◆ Task brief ◆
Please transcribe the data below in full. Omit any picture you find in it.

◆ Source data ◆
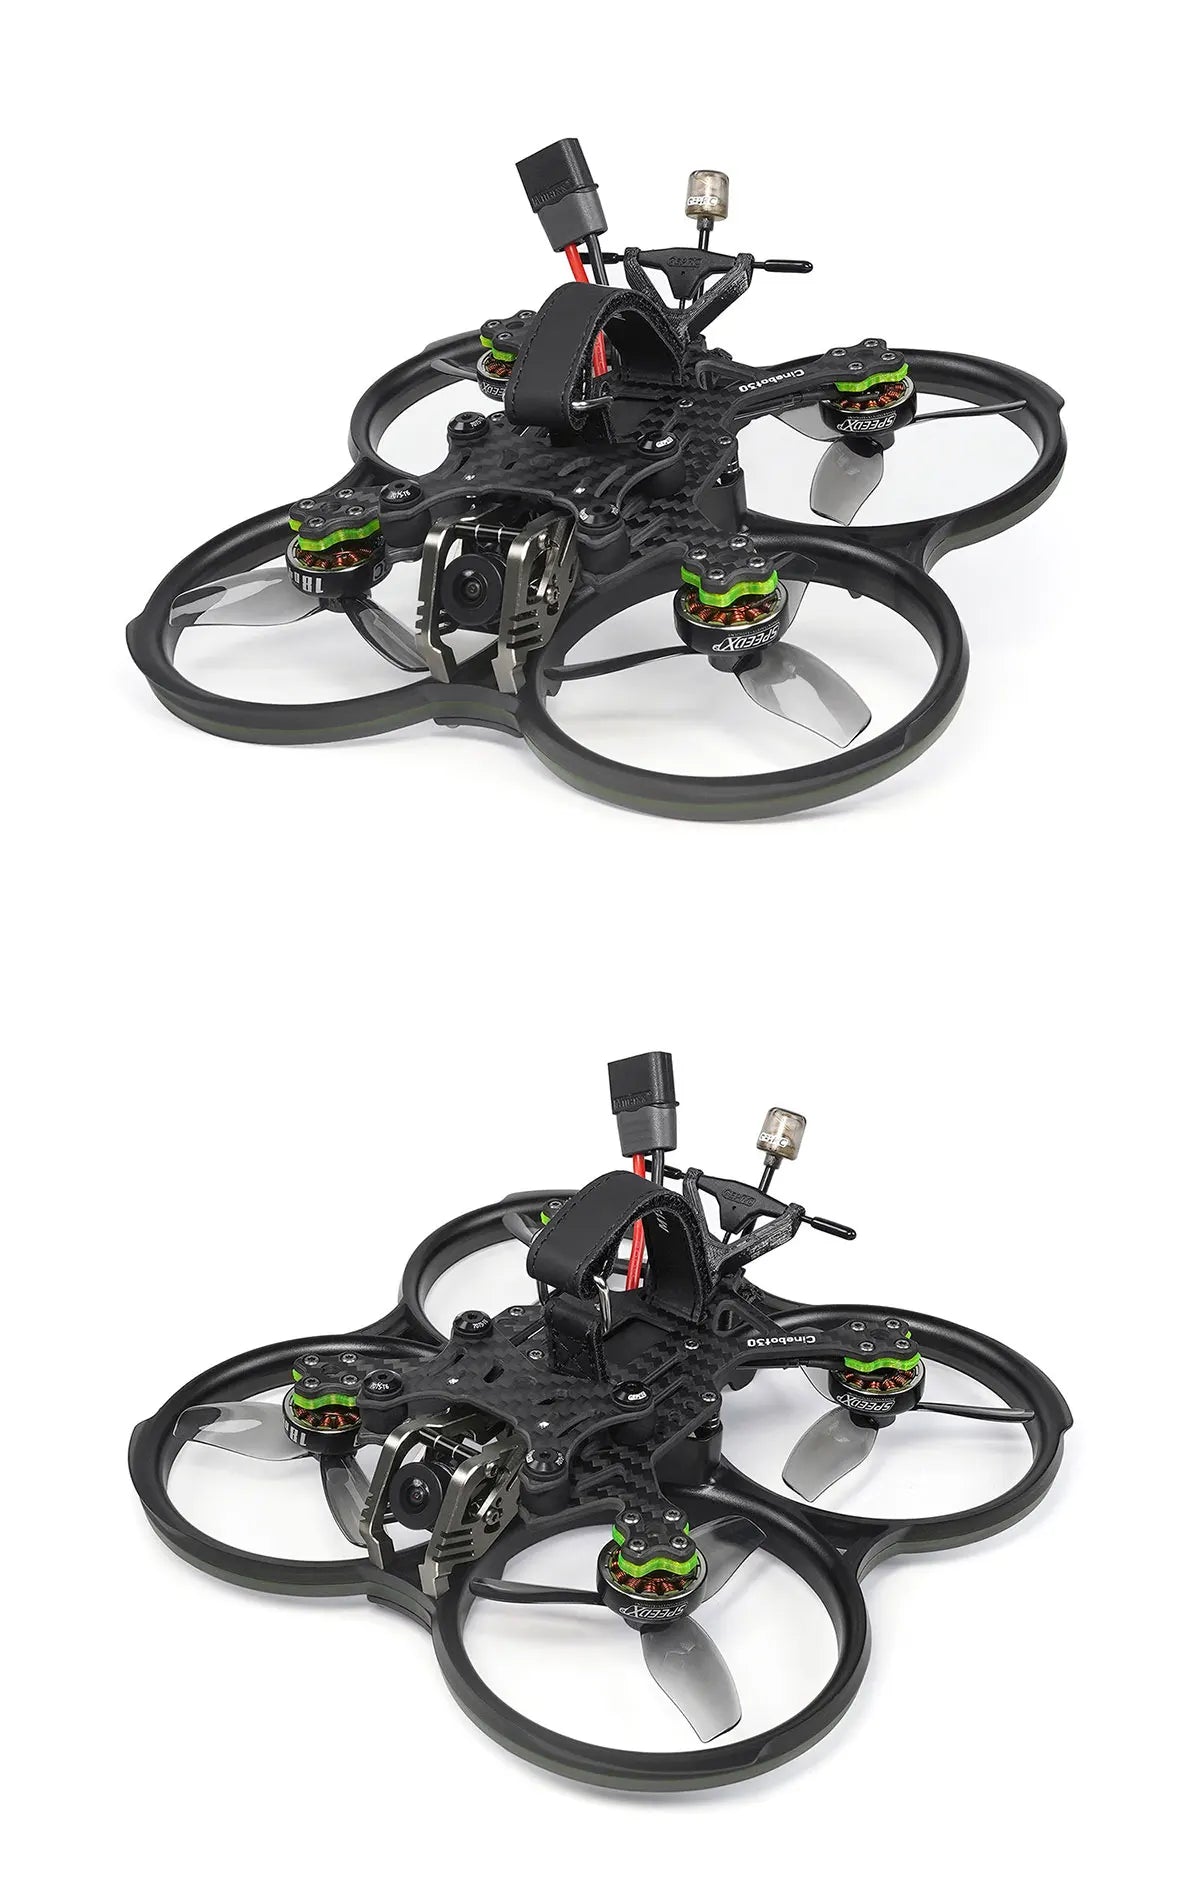 GEPRC Cinebot30 FPV Drone, the Cinebot30 FPV Drone is built with high-quality components to ensure durability
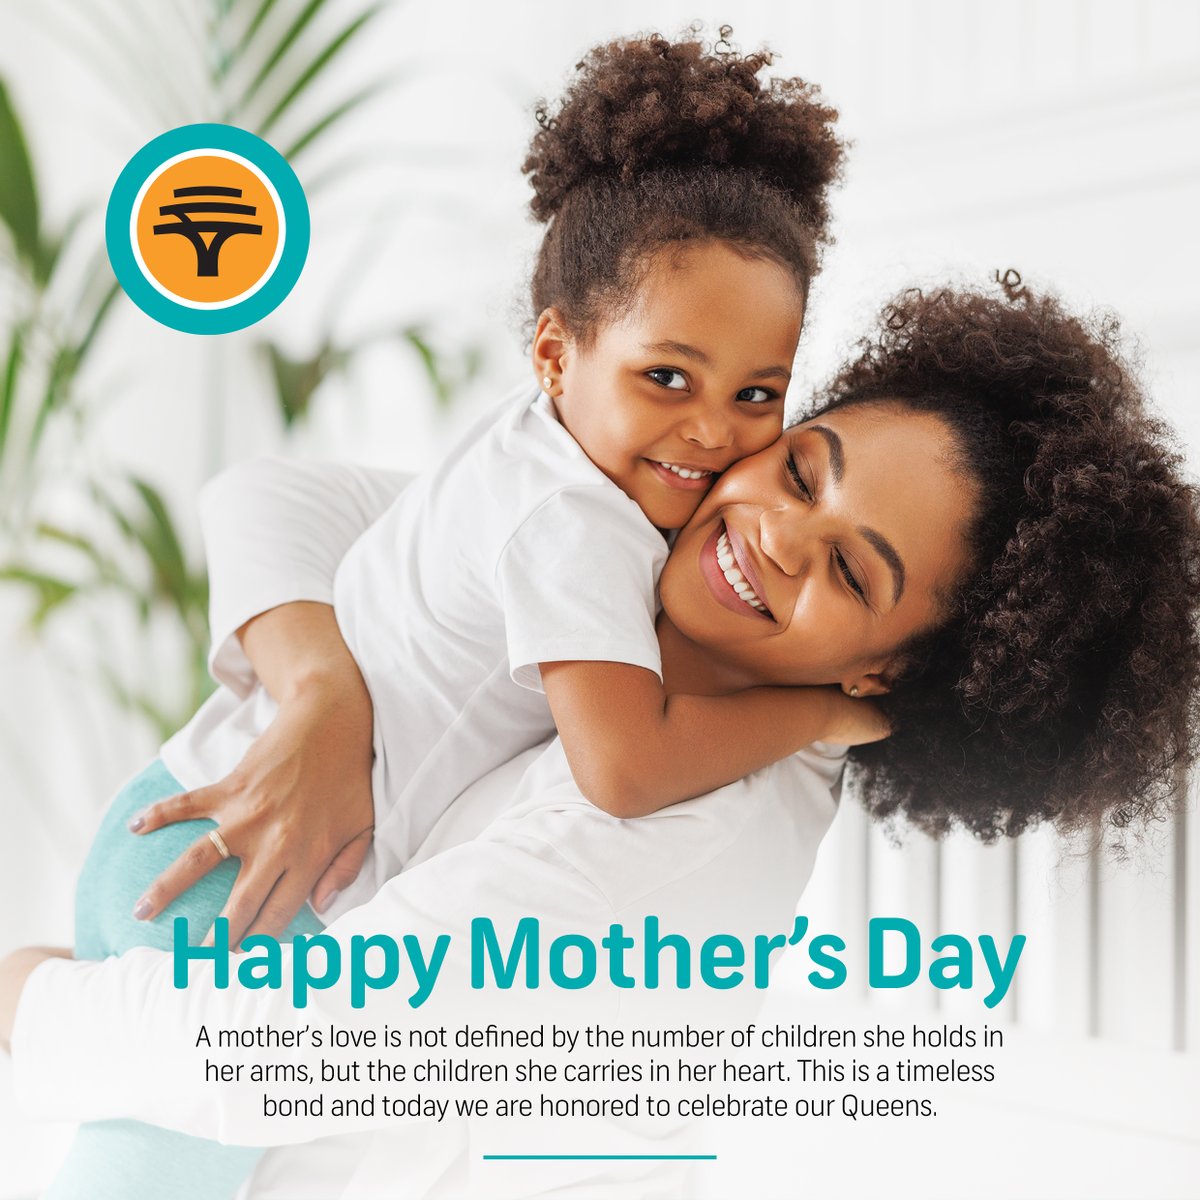 We hope your day is a beautiful and radiant as you are mom. Thank you for being the heart and soul of our families. Happy Mother's Day.

How are you celebrating your mom today? #MothersDay #LoveFNB

◆ Task response ◆
 GEPRC Cinebot30 FPV Drone, the Cinebot30 FPV Drone is built with high-quality components to ensure durability
 We hope your day is a beautiful and radiant as you are mom. Thank you for being the heart and soul of our families. Happy Mother's Day.

How are you celebrating your mom today? #MothersDay #LoveFNB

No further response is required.